Jay Cutler. A quitter, or a QB that couldn't play?

All throughout this day, I've seen several articles written by the boys at ESPN and NFL.com. The "Defend Jay Cutler" campaign is running in full force today, and people are on ESPN arguing ‘perception over reality.' The perception being that Jay Cutler gave up on his team, the reality being that Jay Cutler was hurt.

My response to that is this: Let me take you back to Week 3 of the 2006 season. It's a game between the Carolina Panthers and the Tampa Bay Buccaneers. That was a time when our team played football, not like the crap that we put on the field last year. Back then, the Tampa Bay Buccaneers were coached by a man they had traded over two first round pick to acquire in John Gruden.
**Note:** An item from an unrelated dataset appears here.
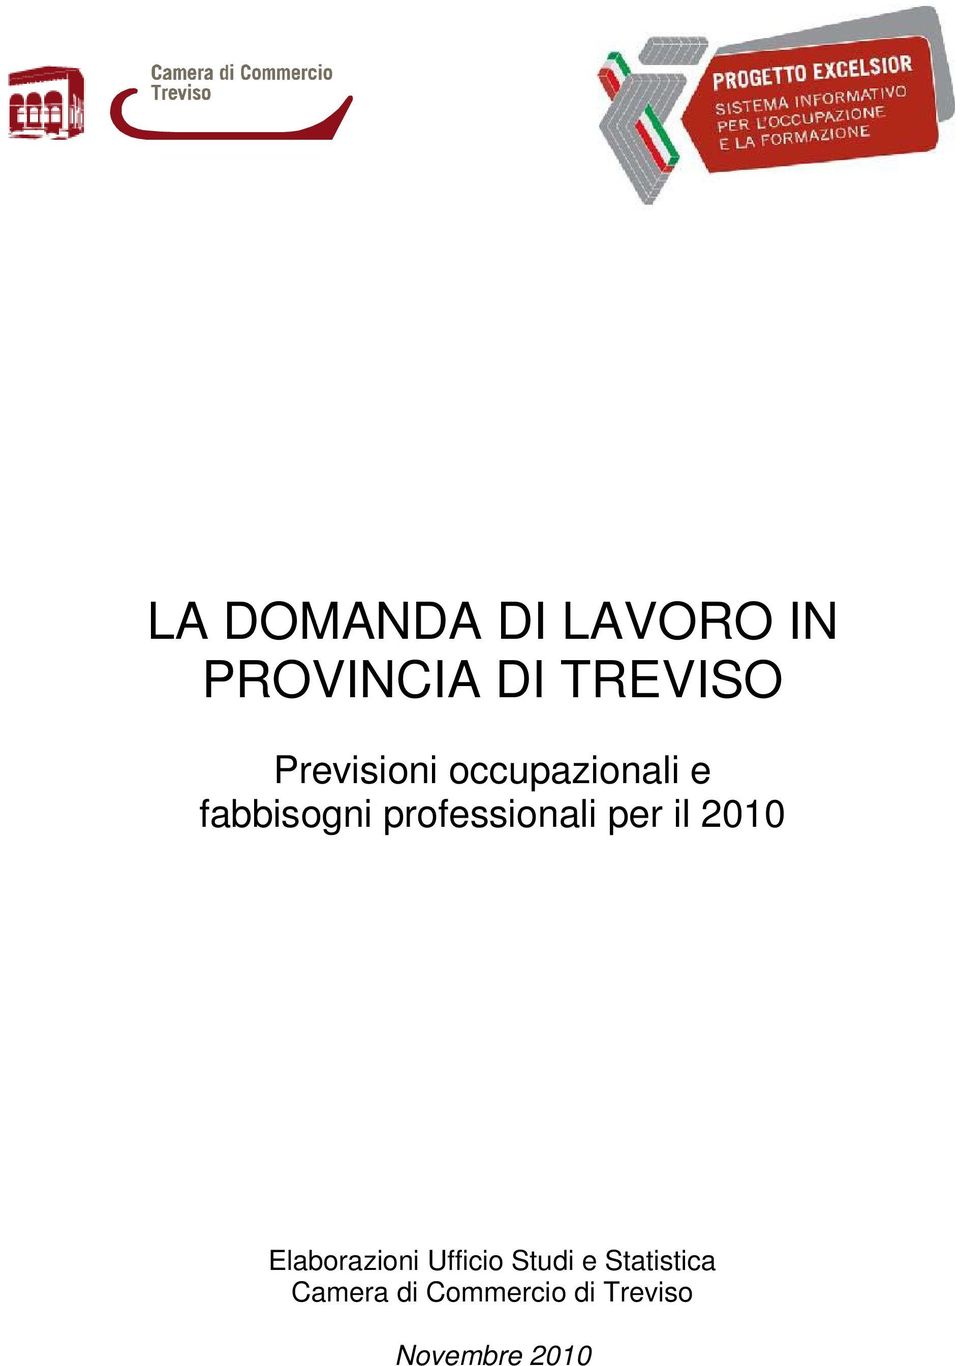 professionali per il 2010 Elaborazioni Ufficio

He had a QB named Chris Simms, the potential future of their franchise, leading a potent offense with a star receiver in Joey Galloway coming off of a playoff season and they hoped that Gruden's coaching would be the leap they needed to make their way to a Super Bowl.

It was not to be.

With 30 seconds to go in the 3rd Quarter, Chris Simms was slammed into the ground by almost the entire defensive line of the Panthers. Over 900 pounds slammed into his rib cage led by Al Wallace, sending him into a world of hurt that I'm sure that most of us have never felt in our life. His body twisted and squirmed on the ground, obviously in pain, and the trainers eventually came out and had to help him off the field. Bruce Gradkowski came back in and took over for the rest of the drive, and Chris was left squirming with the doctors on the sidelines.

There is one key difference between Chris Simms and Jay Culter. Despite the pain in his chest, Chris Simms went back out there and kept fighting. In the 4th Quarter, down by two points to the Panthers with his face slowly paling, Chris Simms went out there and threw a perfect drive, driving the Buccaneers all the way down to the Panthers 10 yard line and kicking a field goal to give the Buccaneers the lead.

After the game he had the team doctors drive him to a local hospital, and tests revealed that he had a ruptured spleen. He had lost 5 pints of blood worth of internal bleeding and the doctors determined that another 45 minutes or so without surgery and Chris Simms would have died.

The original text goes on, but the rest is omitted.